Je souhaite également que cette assemblée puisse se dérouler au mieux et nous permette de répondre dans un climat plus serein que l'année dernière aux questions qui nous ont été envoyées et à celles que vous nous poserez. Nous avons la volonté de répondre à un maximum de questions mais dans de bonnes conditions et dans un délai raisonnable. Cette assemblée n'est en particulier pas le lieu de répondre aux questions qui concernent les litiges qui sont toujours pendants devant les tribunaux ni à celles qui ne concernent pas l'exercice écoulé.
Comme l'an passé, je voudrais brièvement retracer pour vous les événements les plus marquants de l'année sous revue, avant de céder la parole au Vice-Gouverneur qui présentera et commentera les comptes annuels de l'exercice 2005.
Différents projets nouveaux confiés à la Banque par les autorités publiques et l'ensemble des acteurs économiques témoignent de la confiance que l'ensemble de la société belge continue à accorder à notre institution. Le projet principal porte sur l'avenir des moyens de paiement. En 2004, les ministres des finances, de l'économie et de la protection de la consommation ont chargé la Banque d'organiser une concertation nationale sur l'efficacité des systèmes de paiement en Belgique. A cette fin, la Banque a mis sur pied un Groupe de pilotage sur l'avenir des moyens de paiement, dans lequel toutes les parties concernées sont représentées.
En 2005, ce groupe de pilotage a publié deux rapports: le premier porte sur les coûts, les avantages et les inconvénients des différents moyens de paiement, et le second sur la modernisation des circuits de paiement utilisés par les pouvoirs publics. Ce groupe de pilotage devrait encore aborder la question du passage à la Single Euro Payment Area, qui permettra d'intégrer les systèmes de paiement de différents pays et de rendre les paiements transfrontaliers plus efficaces.
La mise en place de synergies entre la Banque et la CBFA prévue par la loi du 2 août 2002 relative à la surveillance du secteur financier et aux services financiers s'est poursuivie, notamment en matière de stabilité financière, d'informatique et de gestion de crise. L'objectif final de la réforme ne pourra toutefois être pleinement atteint qu'en approfondissant encore les rapprochements et l'esprit de collaboration, dans le respect des compétences de chaque institution et de la spécificité de leurs métiers respectifs.

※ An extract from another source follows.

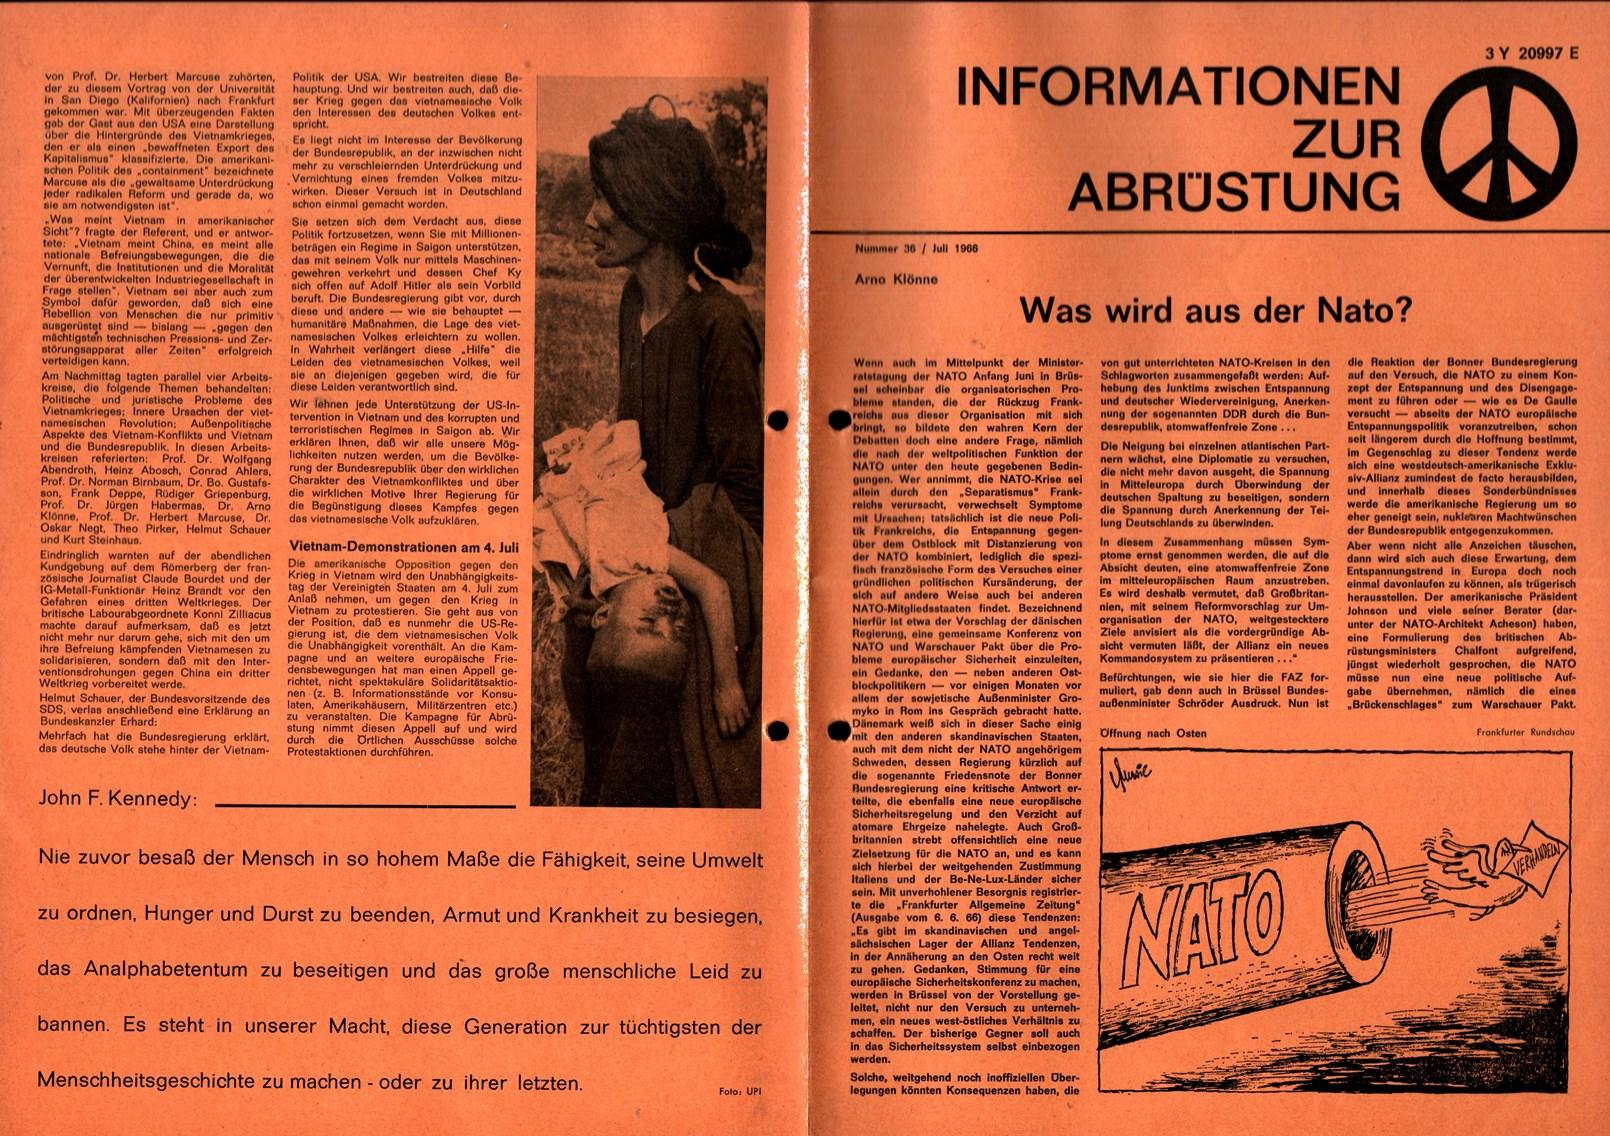 Infos_zur_Abruestung_1966_036_001

Pour notre institution, l'année 2004 avait été marquée par une nouvelle réflexion stratégique sur l'avenir des activités. Cette réflexion a débouché en 2005 sur l'adoption de plans directeurs qui balisent l'évolution des activités et de l'emploi à la Banque. Ces plans constituent un cadre pluriannuel stable jusqu'en 2009. Il s'agit, pour la Banque, d'agir au sein de l'Eurosystème avec une sélectivité et une spécialisation accrues, de continuer à maîtriser les coûts et d'améliorer encore la qualité des services rendus à la collectivité.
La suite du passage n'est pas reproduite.